UK, 16 September 2019: Experian’s latest Spending Index Report has found that as Millennials progress at work, their purchasing power continues to go from strength to strength. However, this growth is not without its challenges, with the cost of living and the need to invest in ongoing education growing just as fast.
Mature Millennials are at the top of their game
Millennials, defined here as 26-40 year olds, make up almost a fifth of the UK population. With the oldest Millennials around 40 years of age, they are no longer taking their first steps on the career ladder, and are becoming more senior at work. Their growing seniority is mirrored in their income – with the average Millennial expecting to see income growth of 3.2% in 2020. This number rises to 3.4% for older Millennials, aged 36-40.
As their salaries increase, so will their spending. Experian forecasts that Millennial spending will grow at a higher rate than other age groups, by 2.6% versus an average of 2.5%.
This group is also set apart by their enthusiasm for the burgeoning gig economy. Millennials are moving away from traditional models of employment in favour of lifestyles that offer greater freedom. The report found that income from self-employment is expected to grow by 3.7% in 2020 amongst Millennials. They are also expected to see 5.1% growth in income from “other sources*”. Only those in their 40s are expected to see a higher percentage increase (3.4% vs 3.0% for millennials) in overall net income.

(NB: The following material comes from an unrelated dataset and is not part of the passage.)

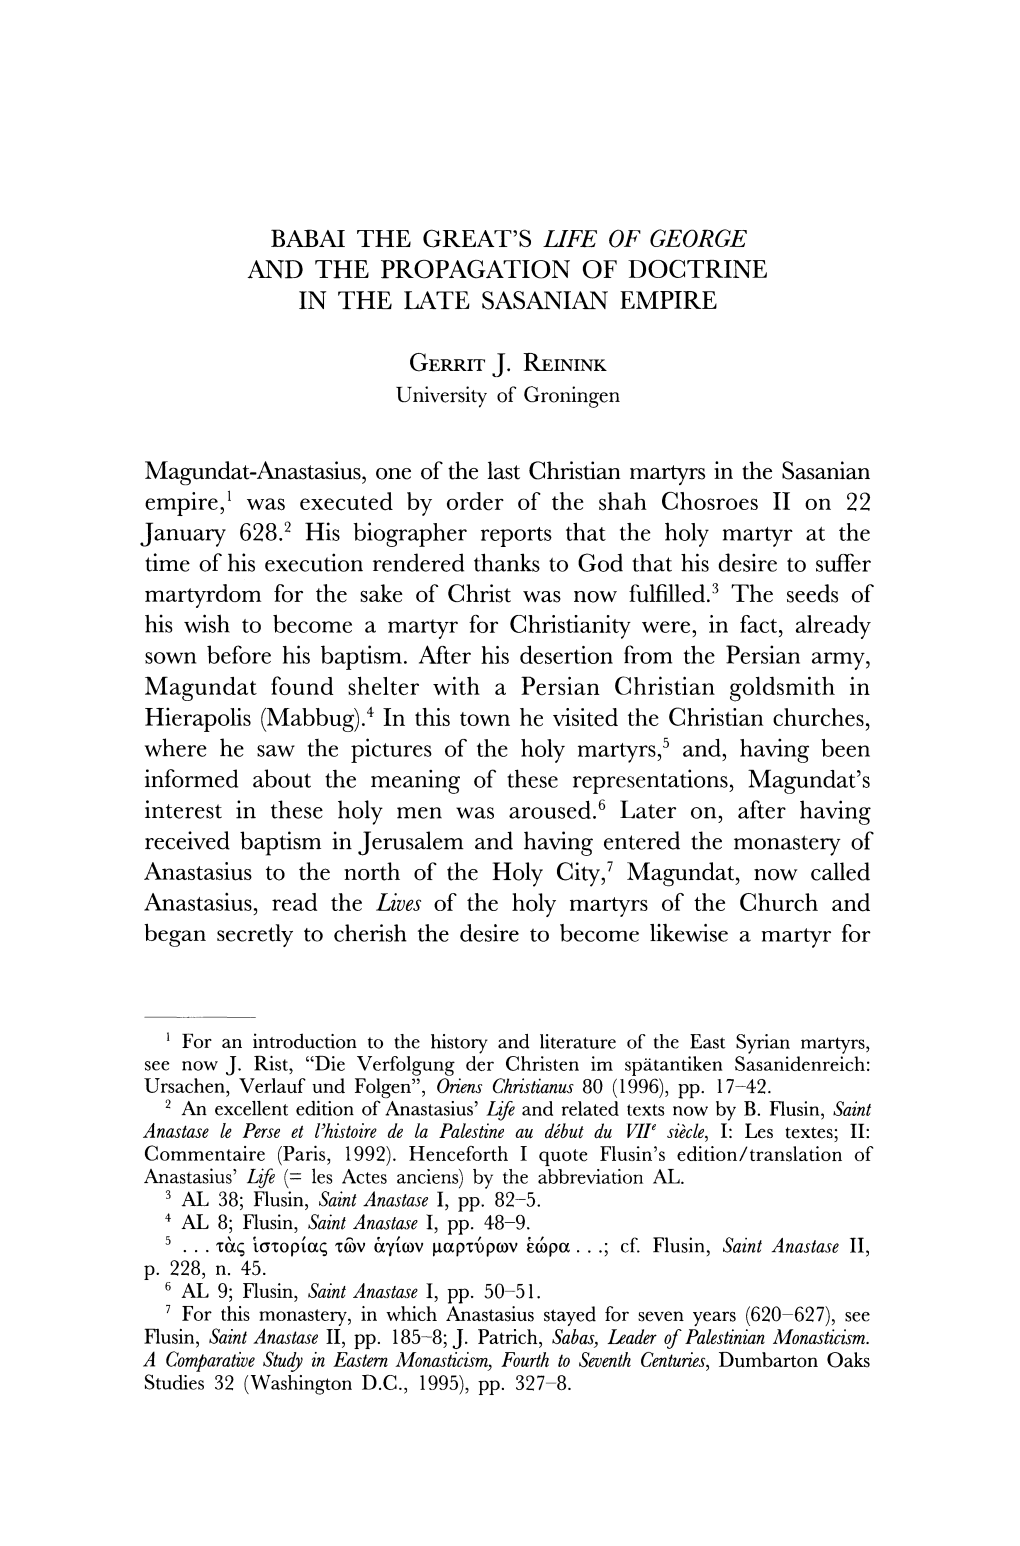 BABAI the GREAT's Life of GEORGE and the PROPAGATION of DOCTRINE in the LATE SASANIAN EMPIRE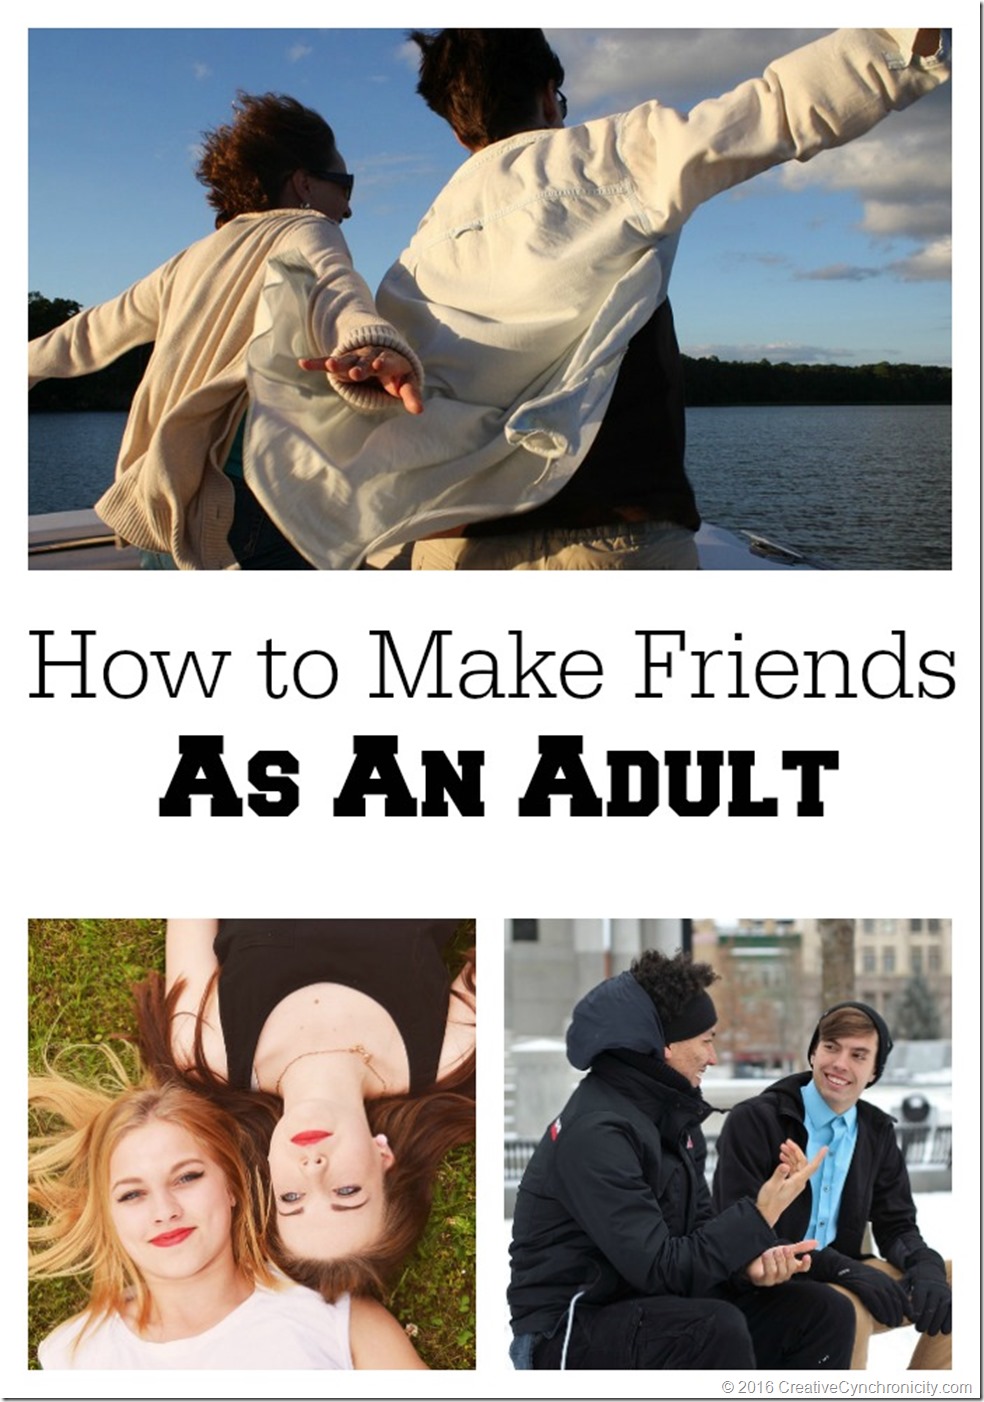 how to make friends as an adult - it's not as easy as you think

Amir Goshtai, Managing Director of Experian Marketplace, comments: “It’s encouraging to see the Millennial pound strengthen in the UK as the cohort moves into more senior positions at work. Their contribution to the UK economy is growing due to their varied approach to the jobs market, and their purchasing decisions are shaping today’s economy more significantly than ever before.”
The growing pressure of everyday costs
Whilst Millennial salaries are increasing, the picture isn’t totally bright. The growing cost of living for Millennials is rising in tandem with income boosts. This year’s report finds that Millennials will see a rise of 3% in housing costs (including the costs of rent, mortgage and energy bills) in 2020, which increases to 3.2% for younger Millennials – aged 26-30.
Comparatively, those aged 41-45 will see higher income growth than Millennials, will only see a rise of 2.8% in housing costs.
Additionally, Millennial spend on travel is set to increase more than any other group in 2020, at a rate of 2.9% versus an average of 2.0%. This is explained by the changing nature of the jobs economy, where Millennials are now expected to be more flexible in how and where they work. These everyday costs mean the ability of Millennials to save a percentage of their net income is lower overall for this group (11%) compared to over 40’s (14%).
The future is bright
Though expenses are increasing, it’s clear that Millennials are investing for the long-term to the best of their ability. As Young Millennial vocational workers (aged 31 on average) strive to progress their careers in an increasingly competitive jobs landscape, they continue to invest significantly in their ongoing skills development. The data shows an expected increase of 7.6% in spending on education for this group compared to an average of 3.9% for all other age groups.
The result is that whilst the growth of Millennial spending power means the group is contributing more than ever to the UK economy, a number which is only expected to rise, the expenditure pressures they face in the short-term should not be ignored.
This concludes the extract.